Previous studies have been shorter, involved fewer crops


By JOHN O'CONNELL


Capital Press


The Idaho Barley Commission has made a sizable funding commitment toward an eight-year study that should provide the first long-term analysis of how manure affects crops commonly used in southern Idaho rotations.


IBC will award University of Idaho Extension soils specialist Amber Moore $16,000 for each year of the project, which should cost about $90,000 per year to complete.


Moore has also approached the Idaho Dairymen's Association and the state's sugar beet, wheat and potato commissions seeking financial assistance. Her study will address lingering questions among growers about long-term manure use including: optimal manure application rates, the need to supplement with fertilizer, the effects on crop diseases, weeds and insect pressure, improvements in soil organic matter, the potential accumulation of excess levels of copper sulfate and salt and nitrate leaching.


Moore said her past manure studies have been conducted on a much shorter term and focused on more specific issues.


"Some of these changes take four, or five or even six years before you start to see them," Moore said. "My hope is with this research, people will get more faith with using manure as a fertilizer and they'll use it more wisely and effectively. Right now we have a lot of growers who put it on and they don't have a strong sense of what it's going to contribute."


On a 5-acre USDA field in Kimberly, Idaho, Moore will plant control plots that receive no fertilizer, plots that receive traditional fertilizer applications and plots that receive 8, 16 or 24 dry tons of manure applied every year or every other year. Each scenario will be planted in two different crop rotations with wheat, potatoes, barley and sugar beets so data for each crop is available every other year. Ten other USDA Agricultural Research Service and UI scientists will help investigate specific questions.


"My expectation is the overall soil microbial health will improve, and with increased activity of soil microbes, you should have decreased disease pressure," said UI Extension cereals pathologist Juliet Marshall, one of the collaborators.

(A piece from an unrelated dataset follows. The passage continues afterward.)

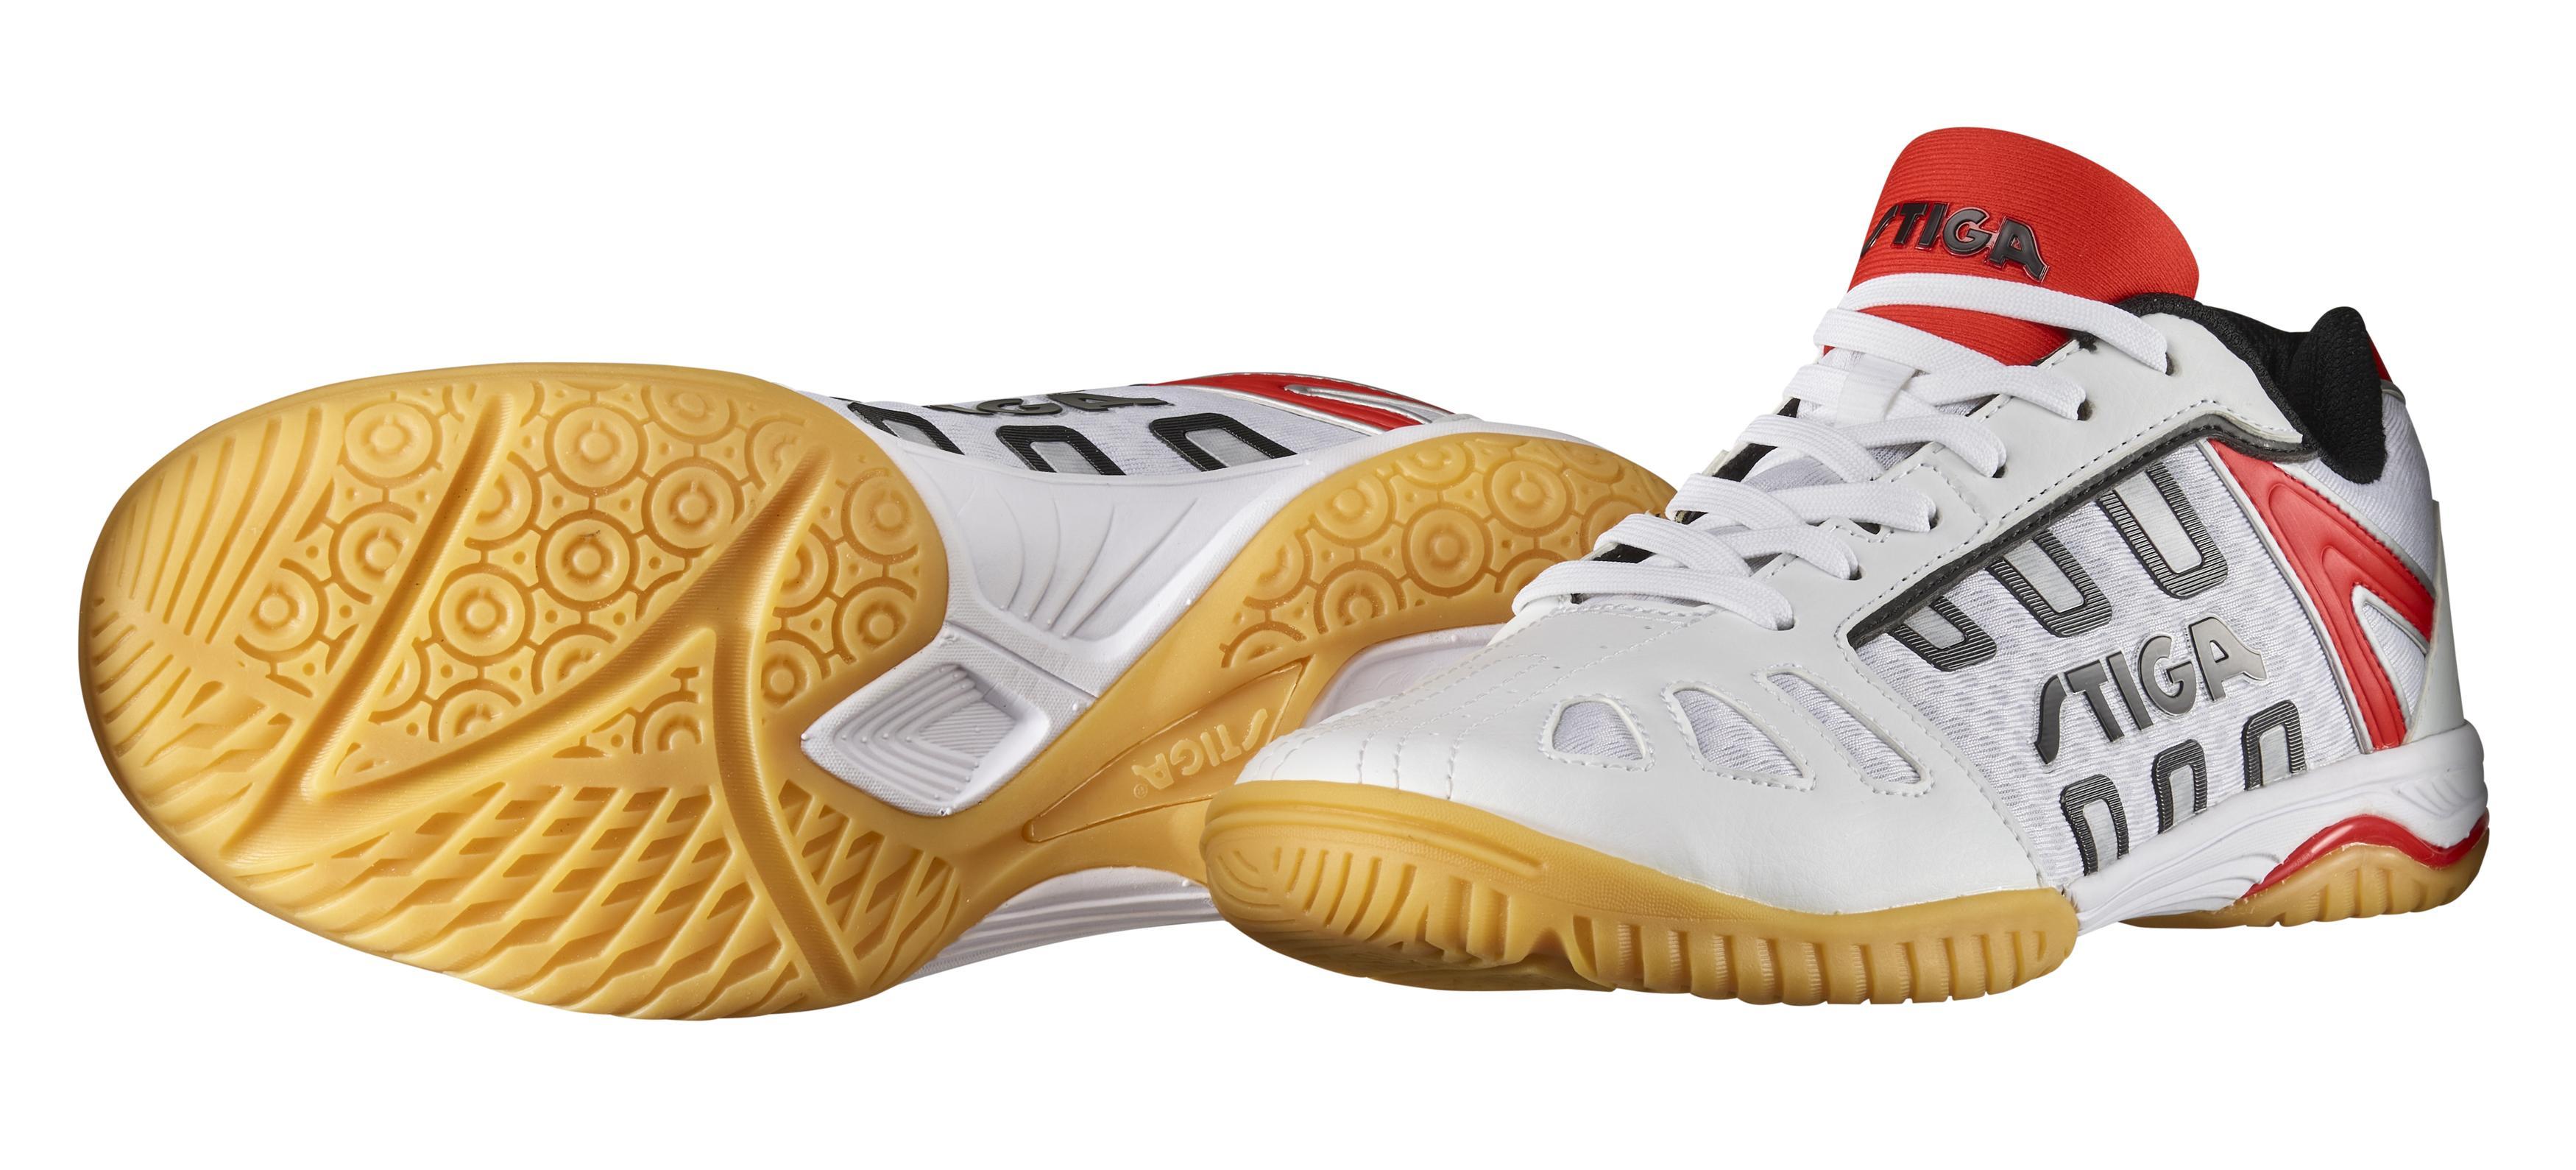 56505661c90c6 Stiga Liner II Table Tennis Shoe (White/Red)

Moore also hopes to address growers' concerns that excess late-season nitrogen caused by the nutrient's slow release from manure could lead to undesirably high proteins in malting barley or low sugars in sugar beets. Another concern is that manure may spread weed seeds consumed by cattle.


IBC Chairman Dwight Little said manure is abundant from dairies in Magic Valley, and Miller-Coors contracts heavily in that area for malting barley.


"There's been a year or two-year study but never a longtime rotational effect study on manure being used in rotation with barley," Little said. "I think some of the growers are already using it, but they don't know the consequences of long-term use."


Idaho Dairymen's Association executive director Bob Naerebout said his organization will give careful thought to the study before making an eight-year commitment.


Moore said sugar beet growers suggested the study. The Snake River Sugar Beet Research Committee and the Idaho Potato Commission both have meetings scheduled for later this month during which they'll discuss the project.